A better year, but not for everyone. Following a 2005 marked by a minus sign almost everywhere, the year that has just ended has represented a breath of fresh air for European cinema exhibition in general.

This is what is revealed by MEDIA Salles, anticipating to the Berlin Festival the publication of figures on cinema-going in Europe in 2006, included in the “final 2006” edition of the European Yearbook, which is being presented today, 15 February, during the traditional “Italian Breakfast” at the CineStar Imax in the Sony Center, and which can be downloaded free of charge from the MEDIA Salles website at the address

With regard to 2006, the Yearbook collects figures from 29 European countries, that can be analysed under a variety of different headings: the markets of the European Union and those, in many cases coinciding with the former, of course, of Western Europe on the one hand, Central and Eastern Europe and the Mediterranean Rim on the other.

What emerges from these figures is a 2006 that is generally speaking better than the previous year, but not for everyone. Following a 2005 marked by a minus sign almost everywhere in the world, the year that has just ended has represented a breath of fresh air for European cinema exhibition in general.

In the European Union, the figures already available, which regard 24 countries, register an average increase in spectators of around 3.4%, rising from 877.7 to 907.6 million.
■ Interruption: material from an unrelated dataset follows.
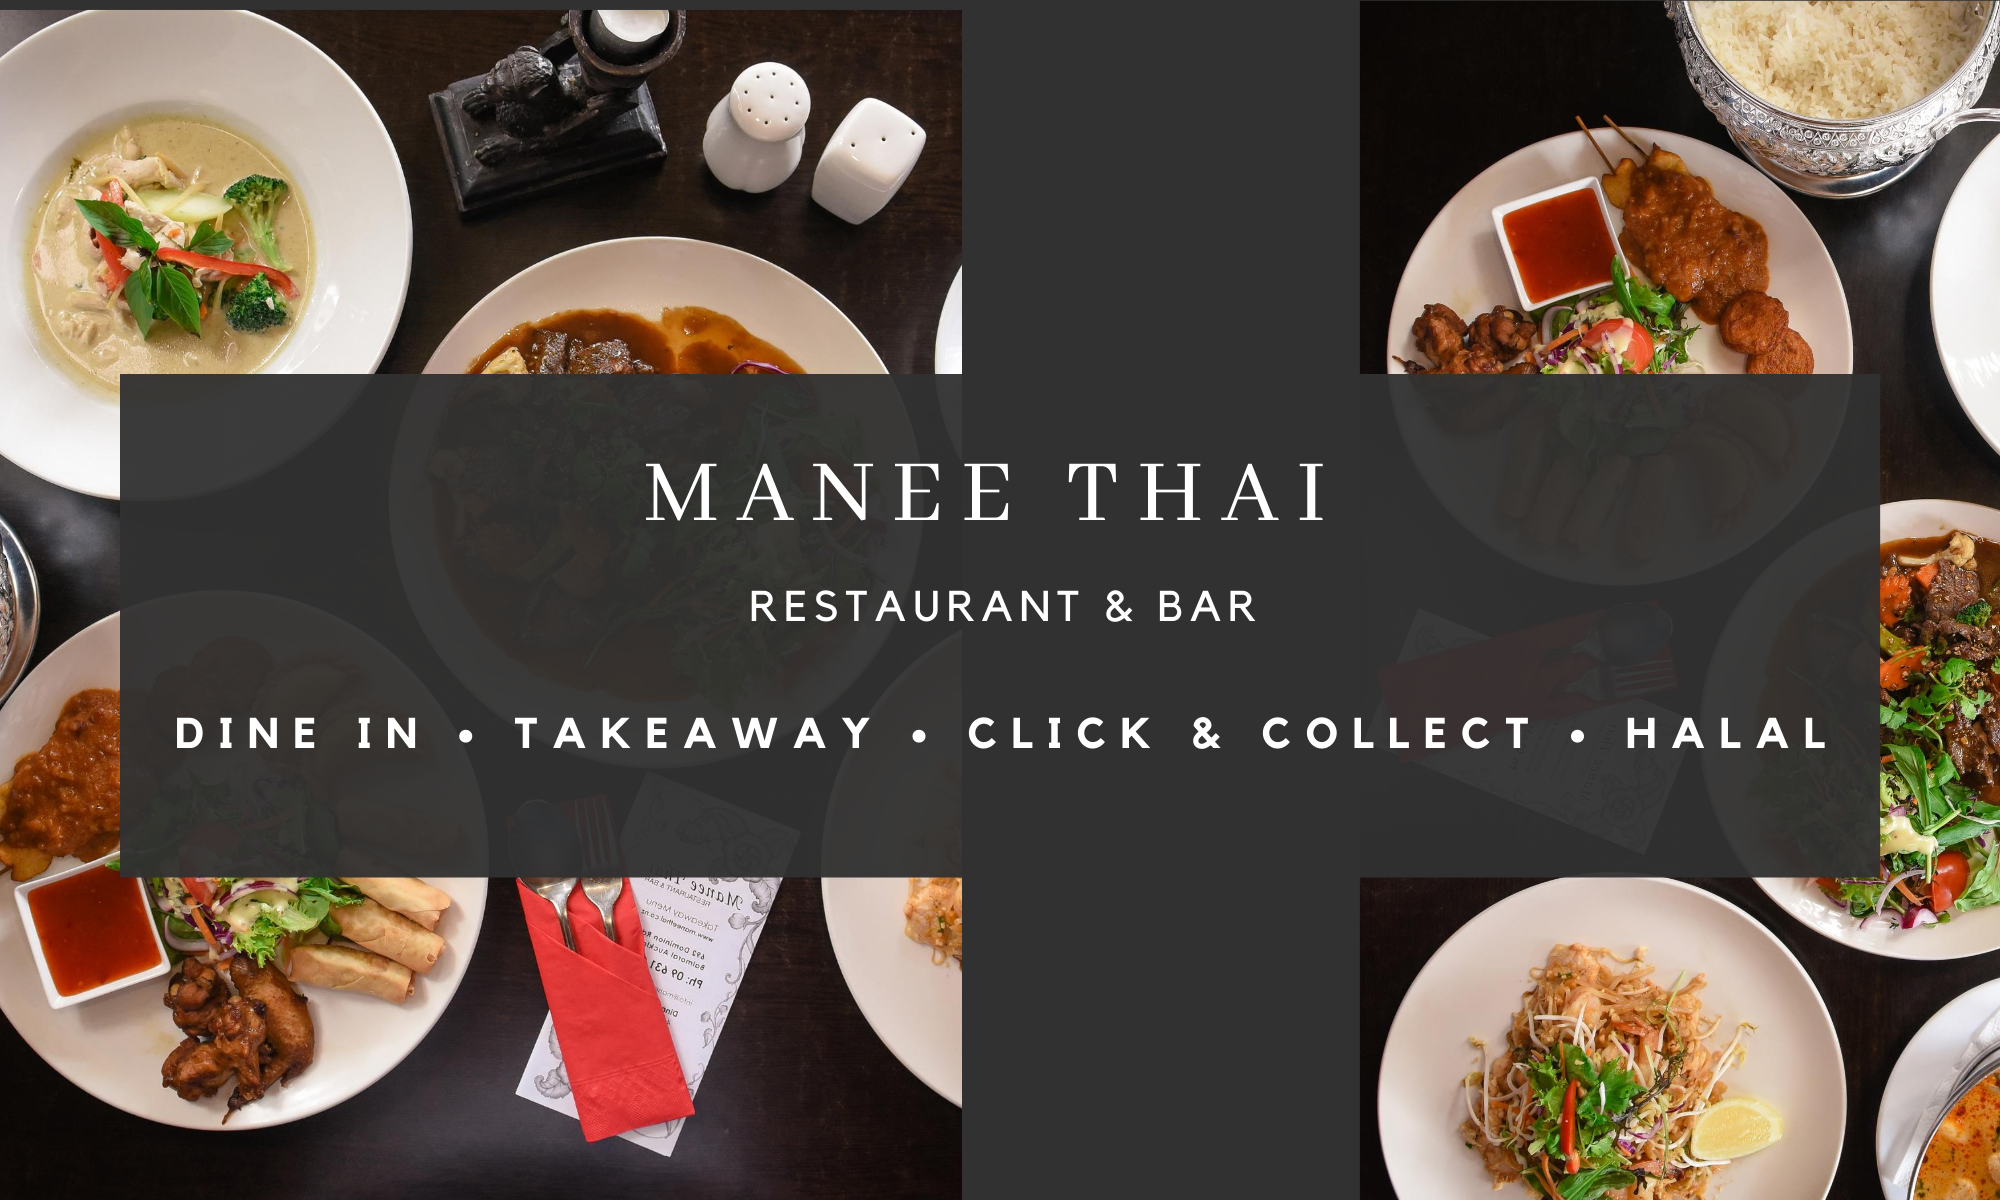 Manee Thai

The 17 countries of Western Europe that have made their figures available, reveal an average increase in admissions of around 2.6%. A good sign for the future, though not measuring up to expectations, if we consider that in various countries the first half of the year was characterised by a two-figure increase. But the improvement nevertheless took place – from 843.9 to 865.8 million admissions – and two of the continent’s five big markets were mainly responsible for contributing to this. In first place comes France which, with over 188 million spectators (+8.2% compared to 2005), achieves the second best result since 1984. Next comes Germany which sees an audience growth of 7.4% compared to 2005. However, despite an increase of over 9 million spectators, this market does not succeed in recovering the heavy drop recorded between 2004 and 2005. The total of 136.7 million spectators still remains below the average for the 2000s (over 150 million). Increasing, though only just, is a third large market, Italy, where estimates regarding screens operating at least 60 days a year, speak of an average yearly increment of 1.7%, following an initial six months that had recorded a rise of over 10%. Also marked by a plus sign are smaller markets such as Finland (here estimates speak of +12%), Austria (+10.6%), The Netherlands (+9.1%), Ireland (+8.9%), Belgium (+8.7%), Switzerland (+8.5%), Luxembourg (+8.1%), Norway (+5.5%), Sweden (+4.6%), Denmark (+2.6%) and Greece (+2.4%). Going against the trend is Liechtenstein, which loses 3.8%. Suffering from a considerable drop in audiences are two of the five big countries: the United Kingdom and Spain, which share a decrease of 4.9% compared to 2005. Whilst the former, although losing almost 8 million tickets, obtains a result in line with those of the first few years of the 2000s, Spain, losing about 6 million spectators, drops to 121.4 million admissions, the lowest result since 1998. For the second consecutive year the number of screens in Spain decreases, too, diminishing by over 200 units over a two-year period. From 1990 to 2004 the number of screens had experienced an uninterrupted run of growth.

Central-Eastern Europe and the Mediterranean Rim obtain decidedly flattering results, generally speaking, recording admissions increasing by 17.6% in the 12 countries whose results are known. Spectators thus increase from 90.2 to 106.0 million. Here too, however, there is no escape from the general trend, which sees quite different situations in the individual territories. An increase is registered in Slovenia (+10.9%) and in the Czech Republic (+8.7%).

All with above-average growth are both big markets such as Poland (+28.2%), which recovers almost all the spectators lost in 2005, and Turkey (+26.3%), as well as smaller countries such as the Slovak Republic (+55.7%), Estonia (+40.1%) and Latvia (+22.7%).

Instead, decreases are recorded in Serbia and Montenegro (-36.7%) and to a smaller extent in Romania (-4.6%), Hungary (-3.8%), Bulgaria (-2.5%) and Cyprus (-1.1%).

Multiplexes in Europe: little growth, many changes in ownership. In Europe as a whole, complexes with at least 8 screens rose in number, between October 2005 and October 2006, from 1,013 to 1,060, for a total of respectively 10,918 and 11,393 screens (+4.4%).

This is a growth trend that has been going on without a break since the mid-Nineties but which has slowed down lately (the growth rate between 2005 and 2005 was of 7.5%). If many more multiplexes are not opened, the latest trend emerging from an analysis of the situation country by country as shown in the Yearbook, proves extremely dynamic, especially as regards changes in ownership, with companies quitting territories (such as Intercom in Hungary and Romania) and businesses consolidating their presence on the market through takeovers (for example Cinesa in Spain and Mediapro in Romania) or mergers (for example, again in Spain, Abaco and Cinebox).